Он не ужинал, молился без убежденности и, лежа в постели, притворялся, будто читает начатую в сиесту книгу, меж тем как его жена бродила по дому, наводя порядок, прежде чем отправиться спать. Потом он начинал клевать носом над книгой и постепенно снова погружался в неминуемый цветник сеньориты Линч, во влажный дух ее цветущего тела, и снова оказывался в ее постели — где забыться и умереть! — и больше не мог думать ни о чем, кроме одного: о том, как завтра ровно без пяти пять пополудни она снова будет ждать его в постели, и на ней — ничего, только холмик с темной зарослью под сумасшедшей оборчатой юбкой из Ямайки: адский порочный круг.
Уже несколько лет, как он начал ощущать вес собственного тела. Он узнавал симптомы. Он знал их по книгам и видел подтверждение в жизни, на пожилых пациентах, прежде серьезно не болевших, которые вдруг начинали описывать синдромы с такой точностью, будто вычитали их в медицинских учебниках, но которые, тем не менее, оказывались ложными. Его учитель из детской больницы в Сальпетриере когда-то советовал ему выбрать педиатрию, как наиболее честную врачебную специальность, потому что дети болеют только тогда, когда они на самом деле больны, и общаются с врачом не приличествующими случаю словами, а конкретными симптомами реальных болезней.

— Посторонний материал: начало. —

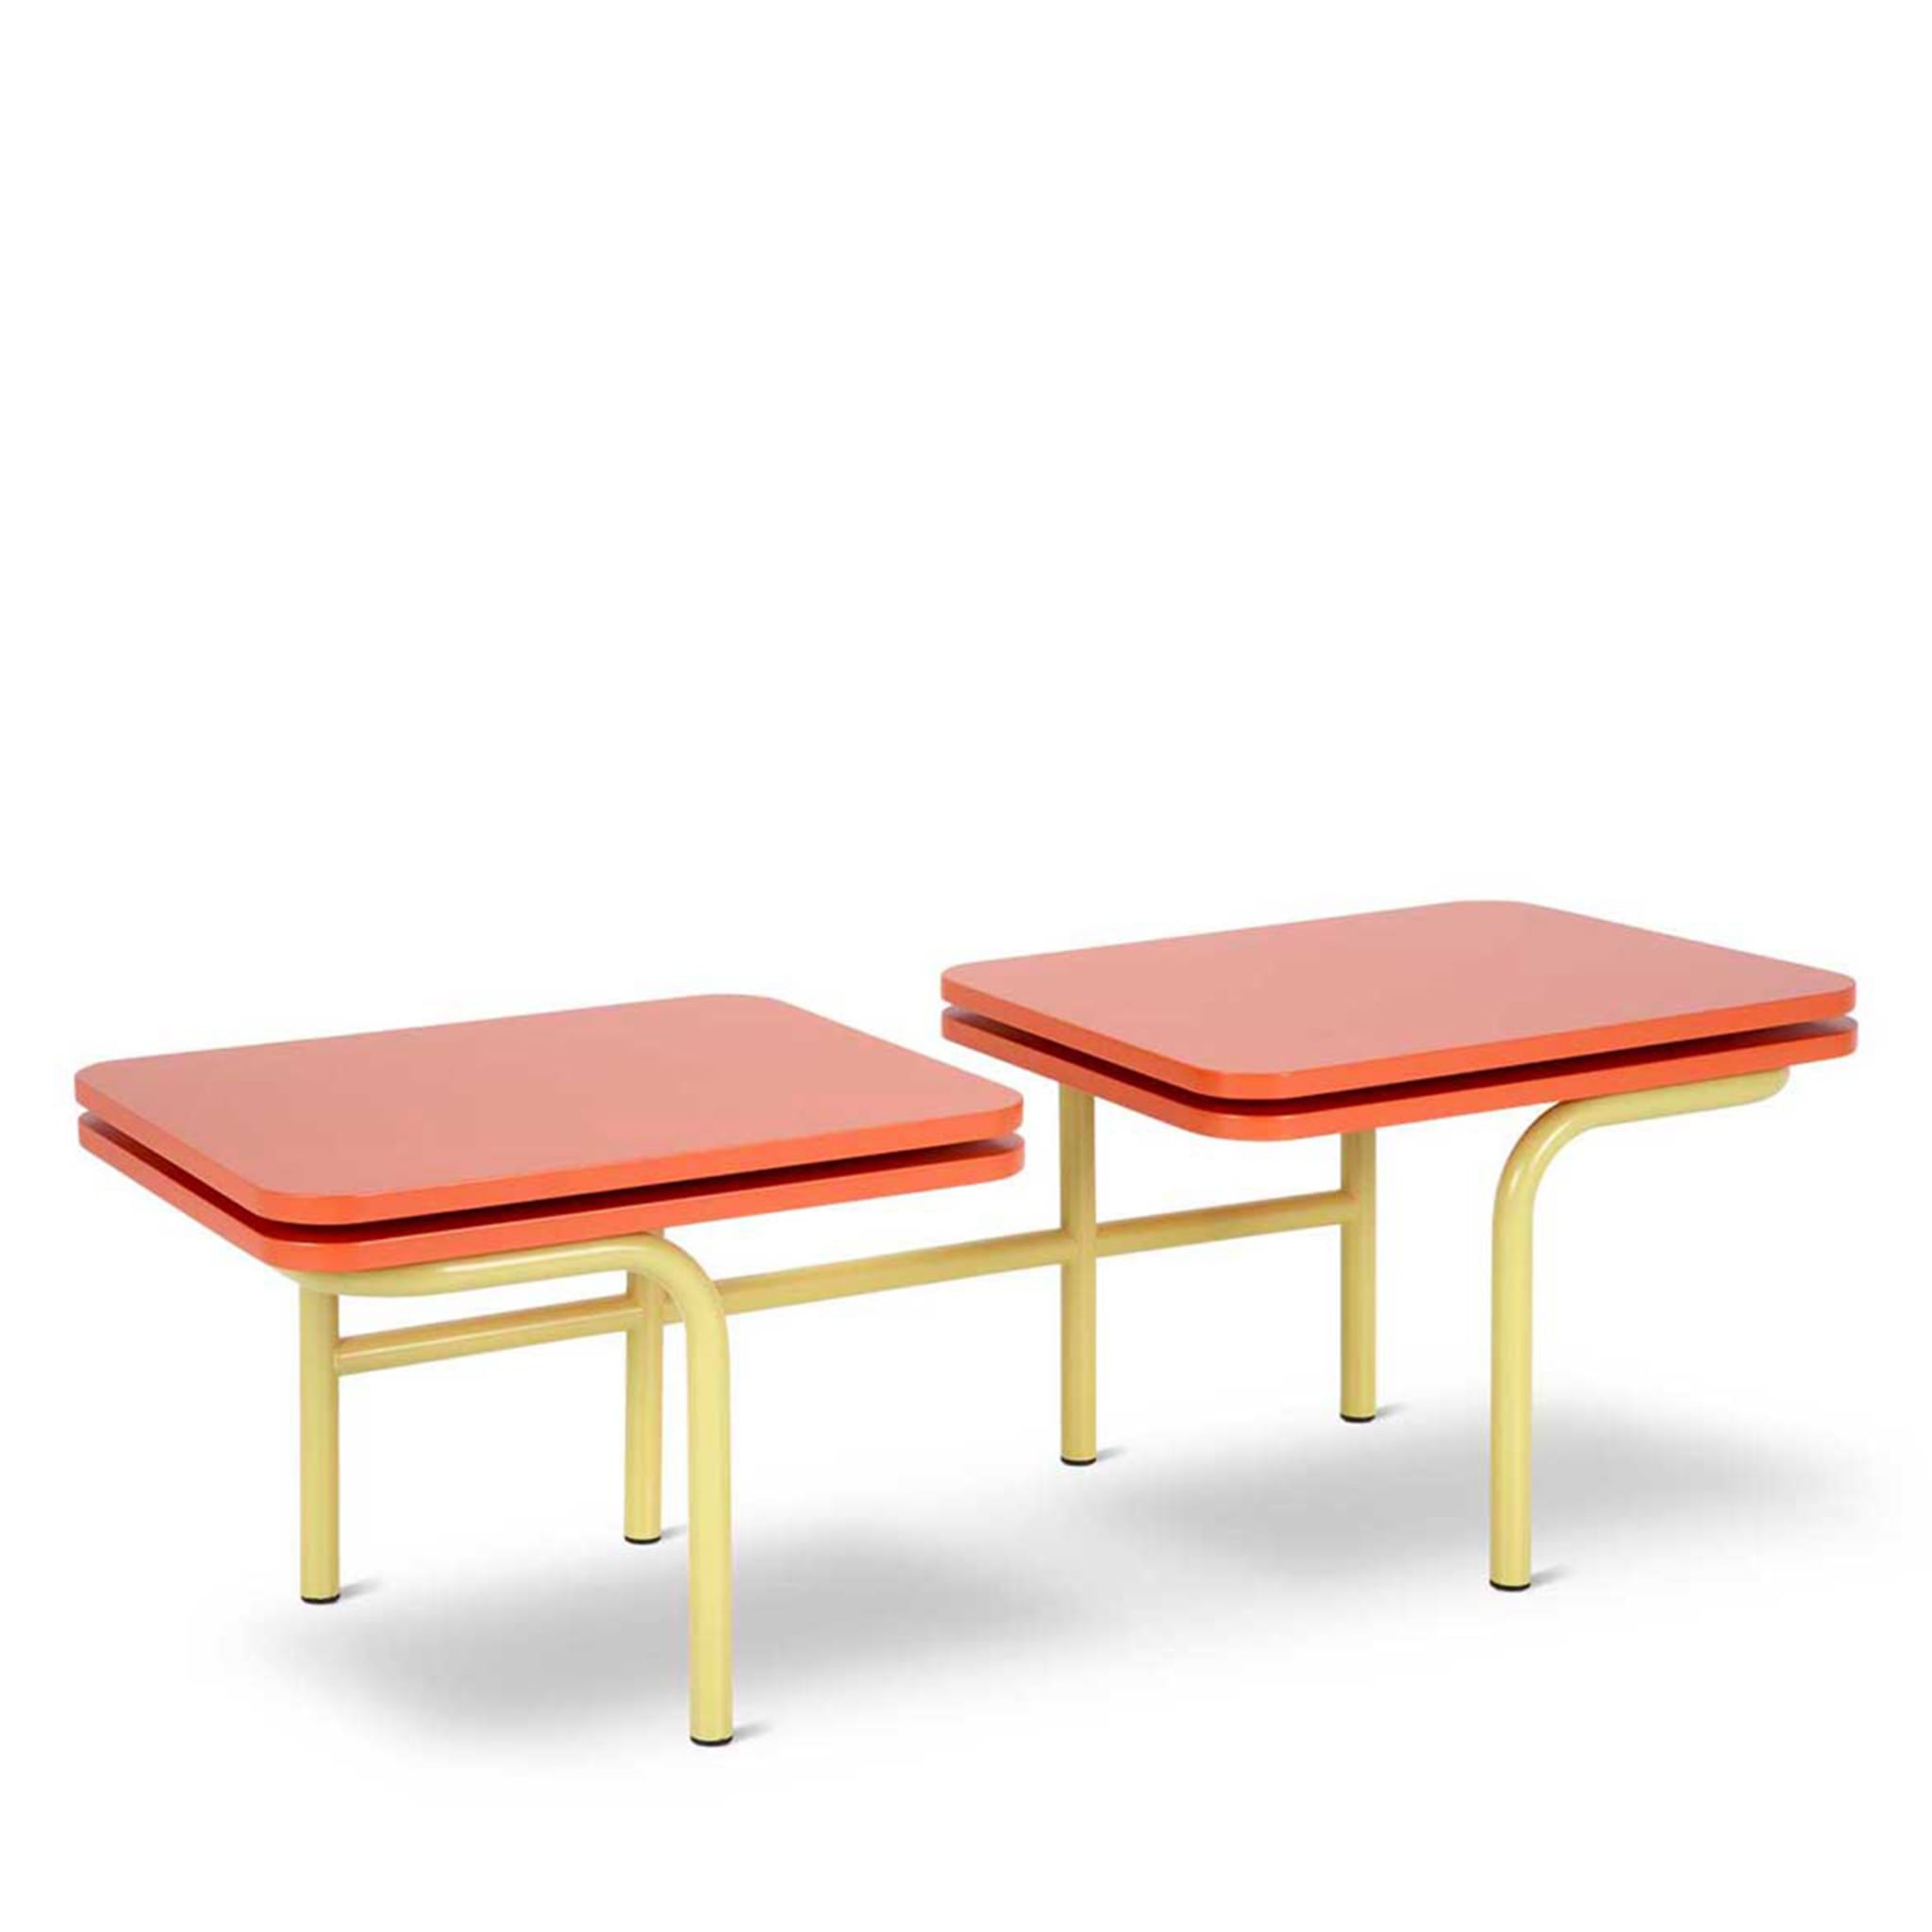 Tavolino Leo a 2 piani, giallo e arancione, di Daria Zinovatnaya - Vista alternativa 1

Взрослые же, начиная с определенного возраста, или имеют все симптомы без самой болезни, или еще хуже: серьезные заболевания с симптомами других, безобидных. Он отвлекал их паллиативами, давал им время, чтобы они научились не замечать своего недомогания, коль скоро вынуждены сосуществовать с ним на мусорной свалке старости. И только одно никогда не приходило в голову доктору Хувеналю Урбино: что врач в его возрасте, который, казалось, видел все, не сможет преодолеть тревожного ощущения болезни, в то время как самой болезни не было. Или еще хуже: не поверит в то, что болен, из чисто научных предубеждений, меж тем как, возможно, действительно болен. В сорок лет, наполовину в шутку, наполовину всерьез, он, бывало, говорил с кафедры: «Единственное, что мне необходимо в жизни, — чтобы кто-то меня понимал». Но теперь, окончательно и бесповоротно запутавшись в лабиринте сеньориты Линч, он стал думать об этом без шуток.
Все подлинные или вымышленные симптомы его пожилых пациентов вдруг скопились в его теле. Он чувствовал форму собственной печени с такой точностью, что мог показать ее размеры, не притрагиваясь к животу. Он слышал, как спящим котом урчат его почки, ощущал переливчатый блеск своего желчного пузыря, улавливал тихий ток крови в артериях. Случалось, на рассвете он просыпался и, словно рыба, хватал воздух ртом. В сердце скопилась жидкость. Он чувствовал, как оно вдруг пропускает один удар, или сбивается с ритма, словно школьная колонна на марше, раз, и другой, но потом снова входит в ритм, потому что Господь велик. Однако вместо того, чтобы прибегнуть к тем самым способам отвлечения, какие он применял к своим больным, доктор поддался страху. Действительно: единственное, что было необходимо ему в жизни теперь, в пятьдесят восемь лет, — чтобы кто-то его понимал. И он бросился к Фермине Дасе, той, которая любила его больше всех, которую сам любил больше всего на свете и с которой только что наконец-то пришел к миру и покою в полном согласии с совестью.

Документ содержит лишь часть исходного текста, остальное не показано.